Requirement.
All lines from the one containing "Made in Canvas Pencil Case" to the end of the listing below should be output exactly; omit the pictures.

Source data.

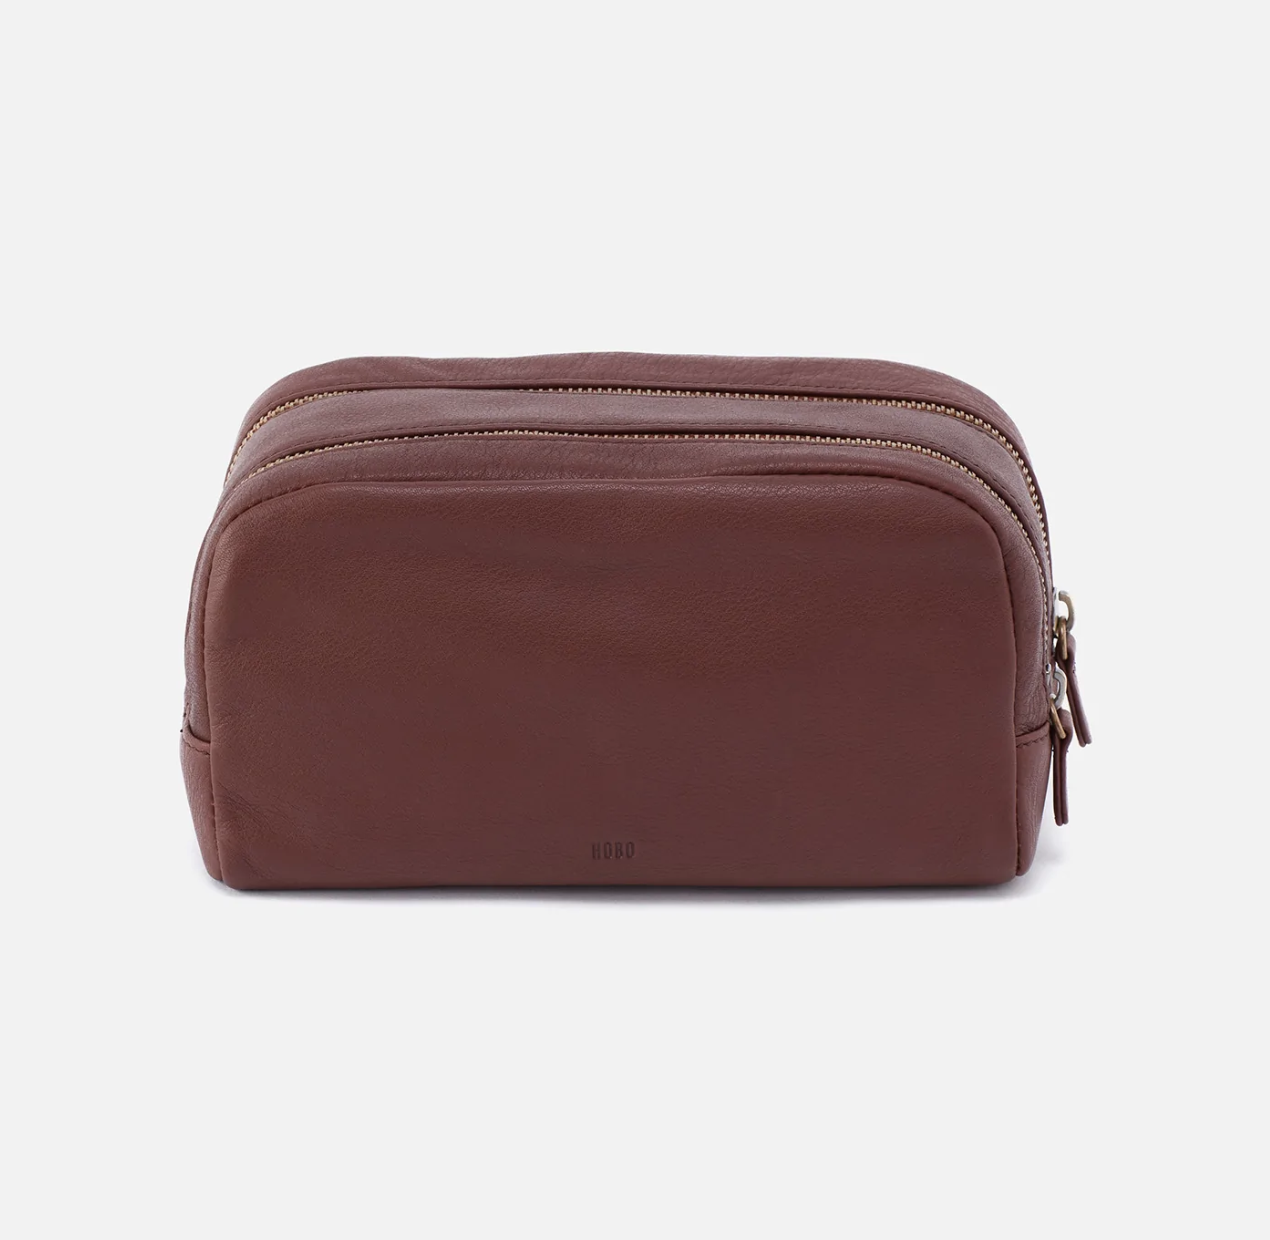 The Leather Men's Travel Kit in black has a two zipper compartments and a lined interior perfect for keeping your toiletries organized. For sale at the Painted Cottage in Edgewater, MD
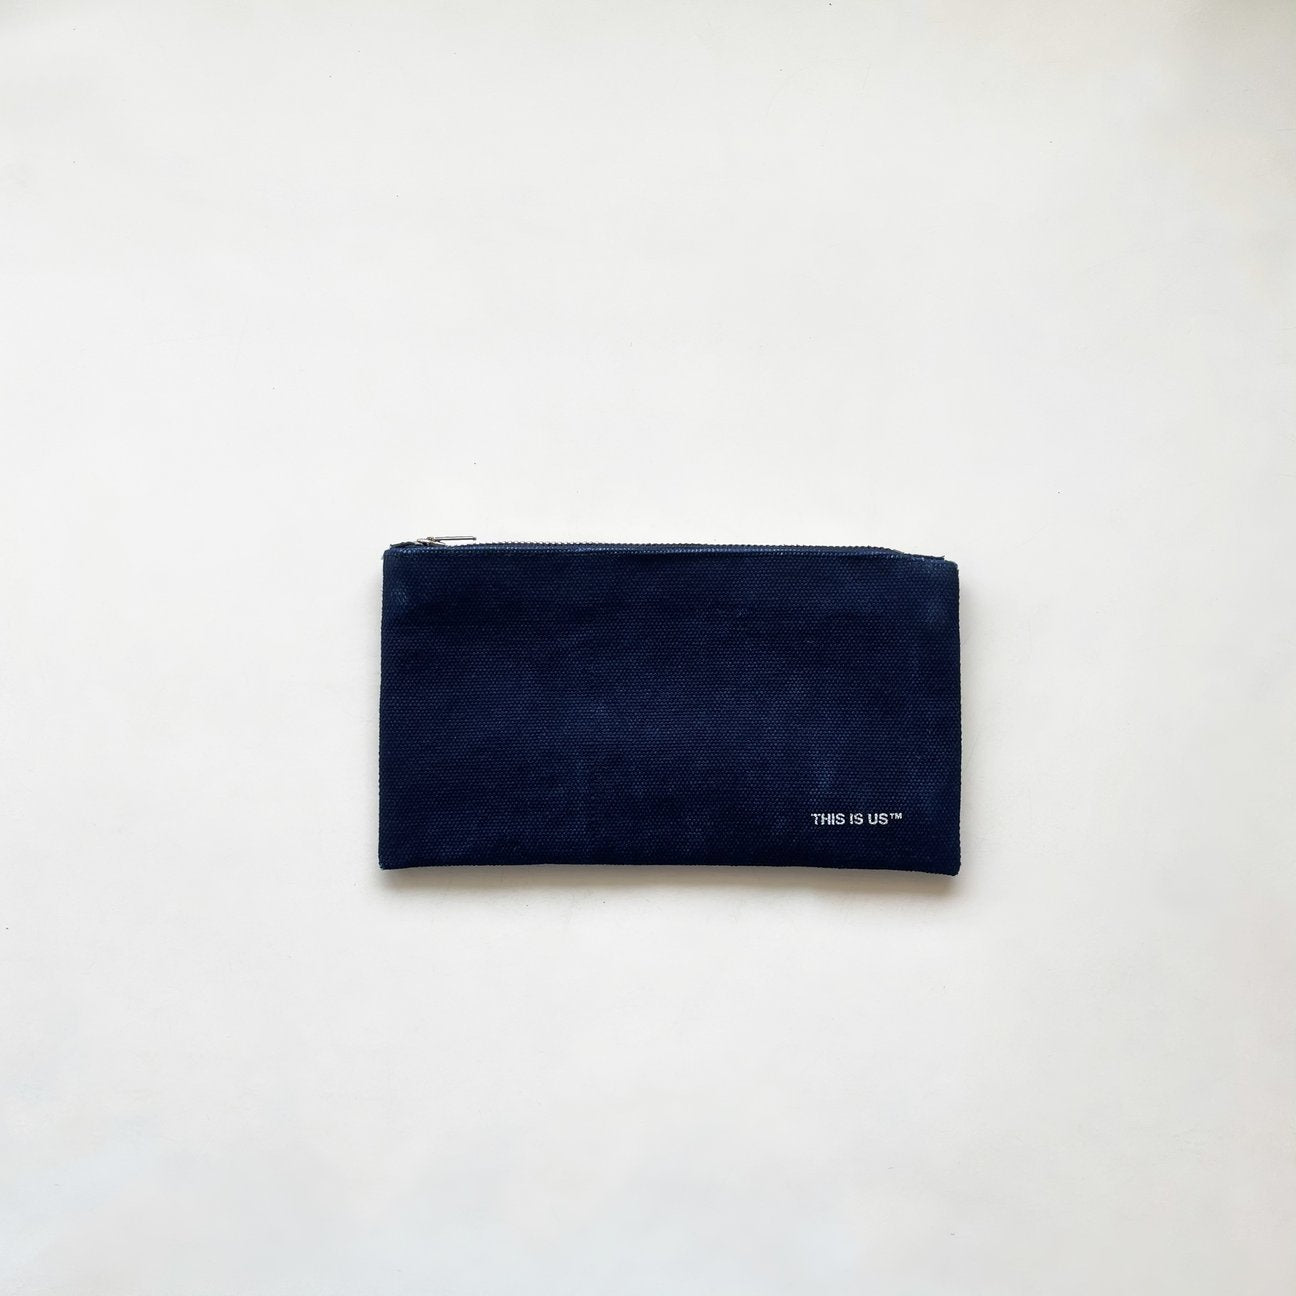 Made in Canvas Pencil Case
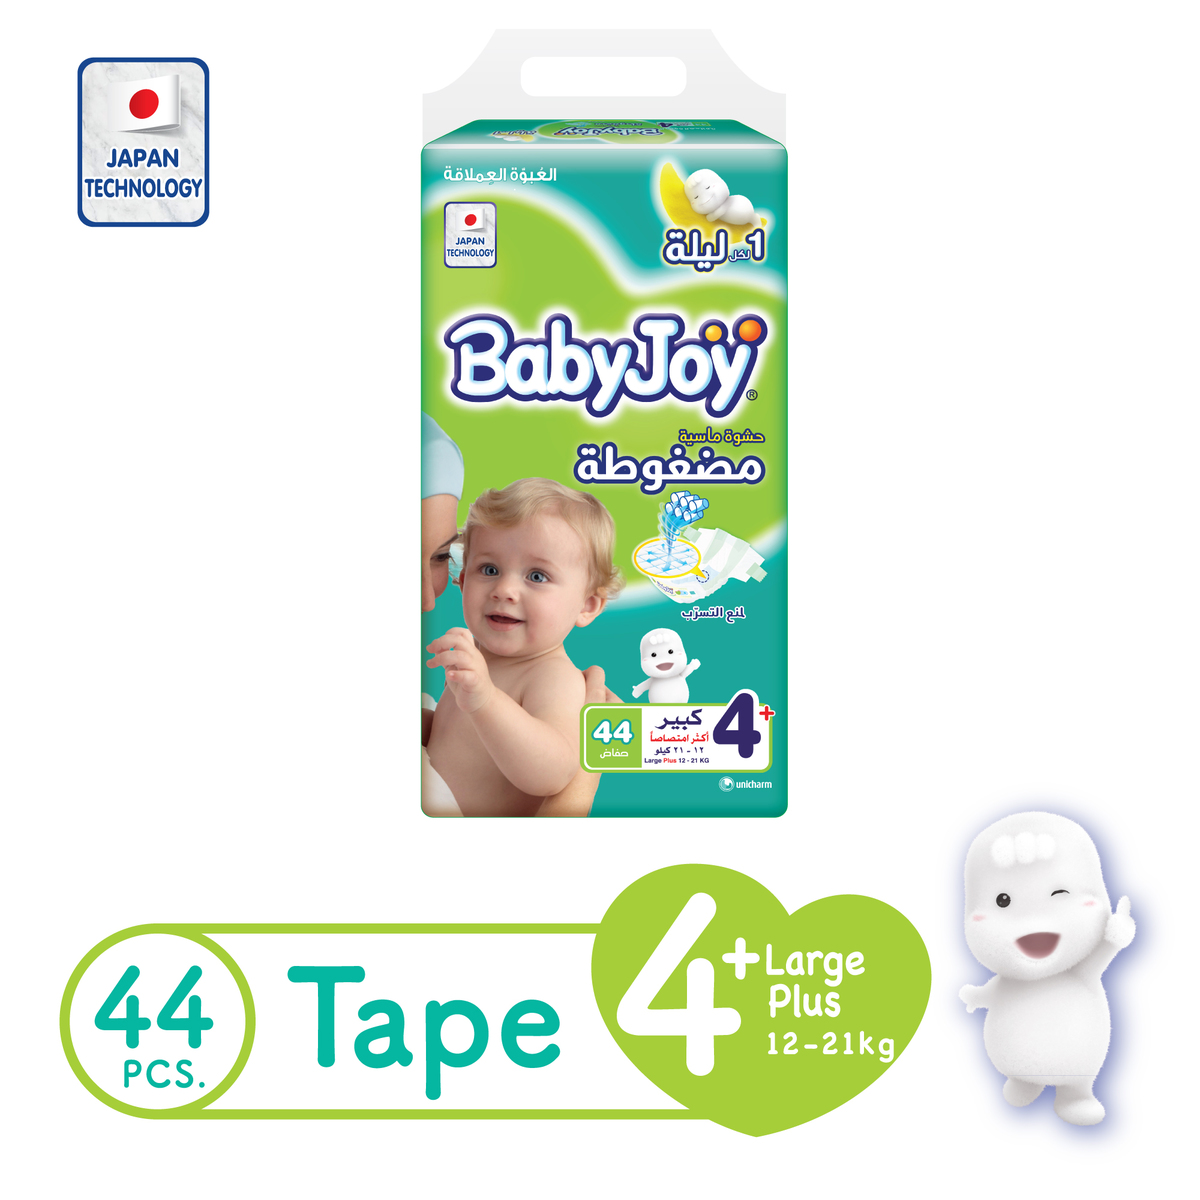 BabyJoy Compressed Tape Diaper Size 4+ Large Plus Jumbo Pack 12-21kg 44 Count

Solution.
 Made in Canvas Pencil Case
 BabyJoy Compressed Tape Diaper Size 4+ Large Plus Jumbo Pack 12-21kg 44 Count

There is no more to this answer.